To help provide your team with an additional source of advice and feedback on your project, as you proceed through the stages you will have access to Project Advice Panels. These panels will be composed of 2-3 second year MS-HCI students (and possibly other experts). You will meet with a panel about 2 times during the semester. Your team will be responsible for finding a one-hour timeslot to meet during that week, when the majority of your team members, and all of the panel members can attend. Identify one of your team members to be the panel liaison, who will interact with the liaison from each panel. Note that each time you have a panel meeting, it may be with a different panel.

Every time you meet with a panel, you will have already been working on that phase of the project for a week, so you will go into the meeting prepared with ideas and plans for what you will be doing in the rest of that phase of the project. You will quickly bring the panel up to speed on your users, their needs/challenges, and how you have been/will be proceeding. Then you will have the rest of the hour to interact with the panelists, ask questions, get suggestions, advice, etc. You must spend one hour (not substantially more or less) with the panel, in each of the three sessions. Reminder: the panelists will typically change each time, so you are not being mentored throughout the project by a set panel. This also means that you will need to quickly bring each new panel up to speed, describe what you have done so far, and then get into the discussion about the next phase(s) of the project as quickly as possible.
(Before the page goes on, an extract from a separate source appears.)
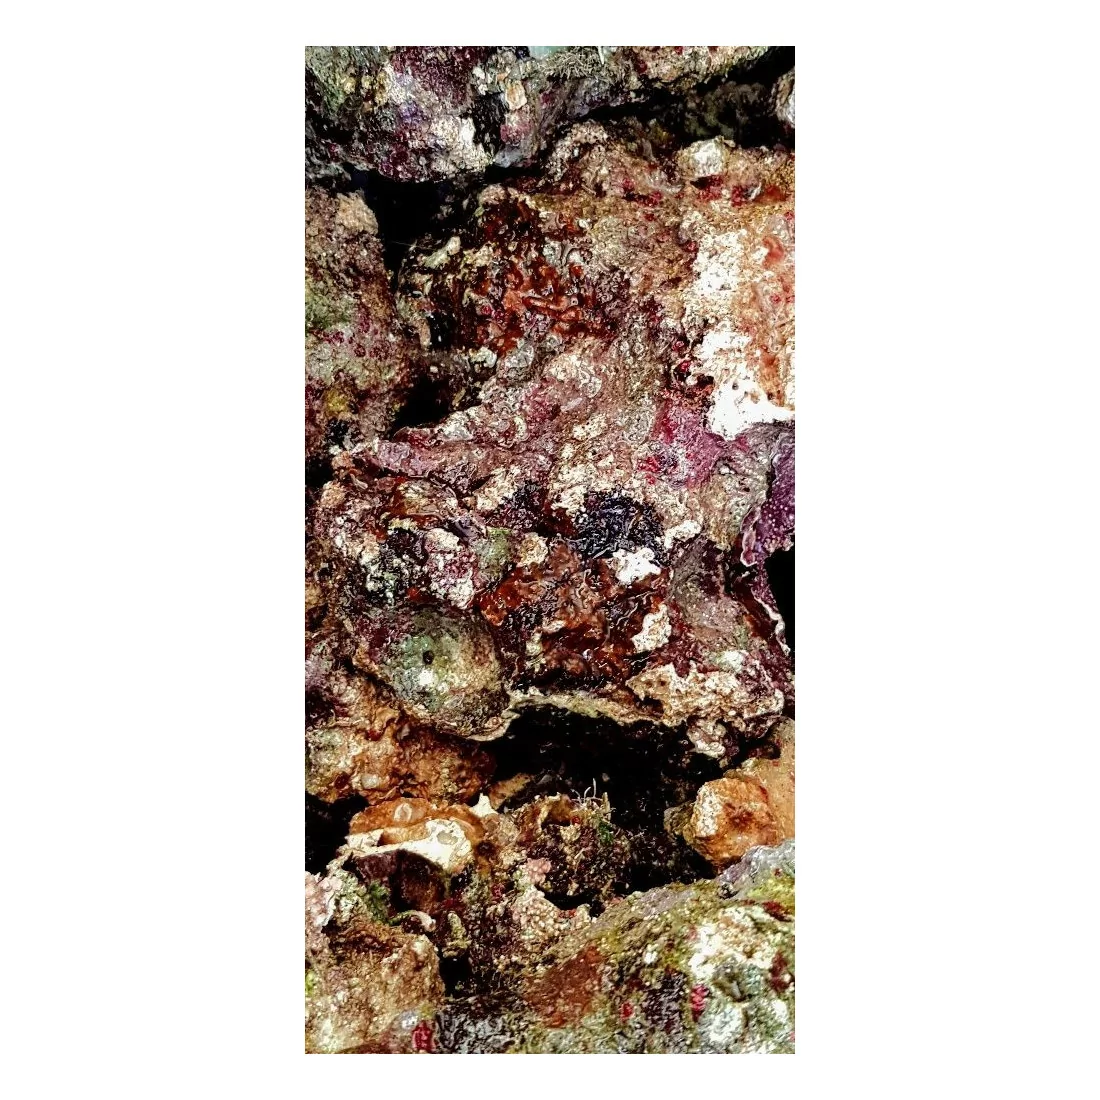 Living rocks (Caribbean) by kg

The exact composition of the panels will be determined by the second years, as part of their participation in the MS-HCI Seminar class. Panel assignments may include some combination of random and strategic distribution. All second year students will participate, though their involvement will only be a total of 1-3 one-hour panel meetings. Panelist may not actually contribute to your project. That is, they cannot program or design, or serve as participants. They can only provide suggestions or advice or thoughts or feedback, during that one-hour session.